Namedropping im Diskurs 

Dass man mit Mark Knopfler immer auch nah am Mainstream ist, zeigt seine Nominierung für den Echo 2016, eine Auszeichnung der Deutschen Phono-Akademie, die nicht nur nationale Popstars, sondern auch internationale Musiker präsentiert. On the road. Business. Show. Sold out.

Musiker, die im Studio oder auf der Bühne mit Mark Knopfler und den Dire Straits zusammenspielten, sind u. a. Hal Lindes, Terry Williams, Jack Sonni, Omar Hakim, Mel Collins, Chris White, Phil Palmer, Chris Whitten, Danny Cummings und Paul Franklin. Diese wiederum fand man bisher in der Folk-, Blues- und Jazzszene mit Bands und Musikern wie Lindisfarne,The British Blues All Stars, Fish, Rockpile, Weather Report, George Benson, Clannad, Alexis Corner, Bad Company, Camel, Alvin Lee, Wishbone Ash, Eric Clapton, Johnny Cash, Rodney Crowell oder John Martyn. Credits. Reputation. Blues-Sound. Jazzrock. Folkdays.

Zurückzukommen auf Breece D'J Pancake – „Stories“

Hinterwäldlerweisheit statt Weltgewandtheit 

Realismus – Amerikanischer Realismus

Realismus ist schon immer eine Geisteshaltung. Ob im 19. Jahrhundert in der Literatur, ob in der Neuen Sachlichkeit der Malerei des 20. Jahrhundert oder heute hier wie dort. Auch Realismus existiert noch in der Postmoderne. Realismus ist einfach betrachtet für alle und jeden das Fassbare, Objektive. Aber Realismus ist weit mehr.

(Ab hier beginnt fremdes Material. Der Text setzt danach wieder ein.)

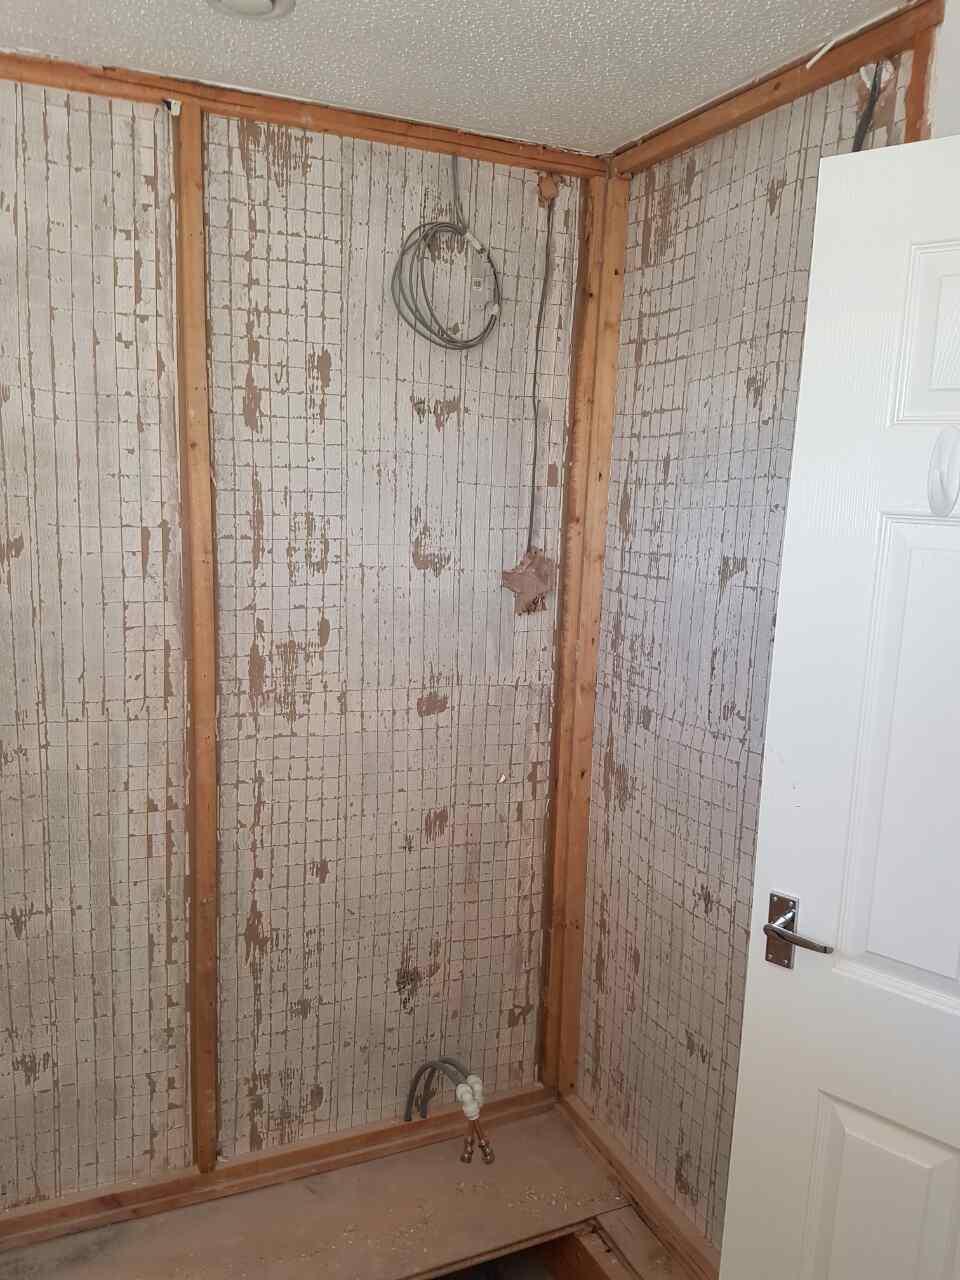 Kúpeľňa Manchester GB - Obrázok č. 2

Der amerikanische Realismus des Autors Breece D'J Pancake ist erst einmal einordnenbar in klassische amerikanische Story. Exakter Realismus und keine weiteren Ismen. Aufmerksamer betrachtet: Präziserer Realismus lässt sich kaum schreiben. Bei der Annäherung an Pancake lässt sich zudem begreifen, dass es Abstufungen im Realismus gibt. Und dass Pancake sehr weit gegangen ist. So weit, dass er es offenbar nur ertrug, ein Werk vom Umfang eines Buchs zu schaffen. 

Scheint beispielsweise des öfteren Automatismus risikobeladen für einen Autor und Künstler gewesen zu sein, so sollte man vielleicht sagen: Sei vorsichtig mit dem Realismus. Mit realistischen Sichtweisen und darin verschiedene mögliche zu kombinieren. Eine Vielzahl realistischer Positionen kann wissenschaftlich erörtert und diskutiert werden.

Hillbilly

„Almost heaven, West Virginia / Blue Ridge Mountains, Shenandoah River / Life is old there, older than the trees / Younger than the mountains growin' like a breeze …“ (John Denver, Sommer 1974).

Breece D'J Pancake lebte ab 1952 in West Virginia. 1979 nahm er sich mit 27 Jahren in Charlottsville das Leben. Nachdem er 12 Geschichten geschrieben hatte.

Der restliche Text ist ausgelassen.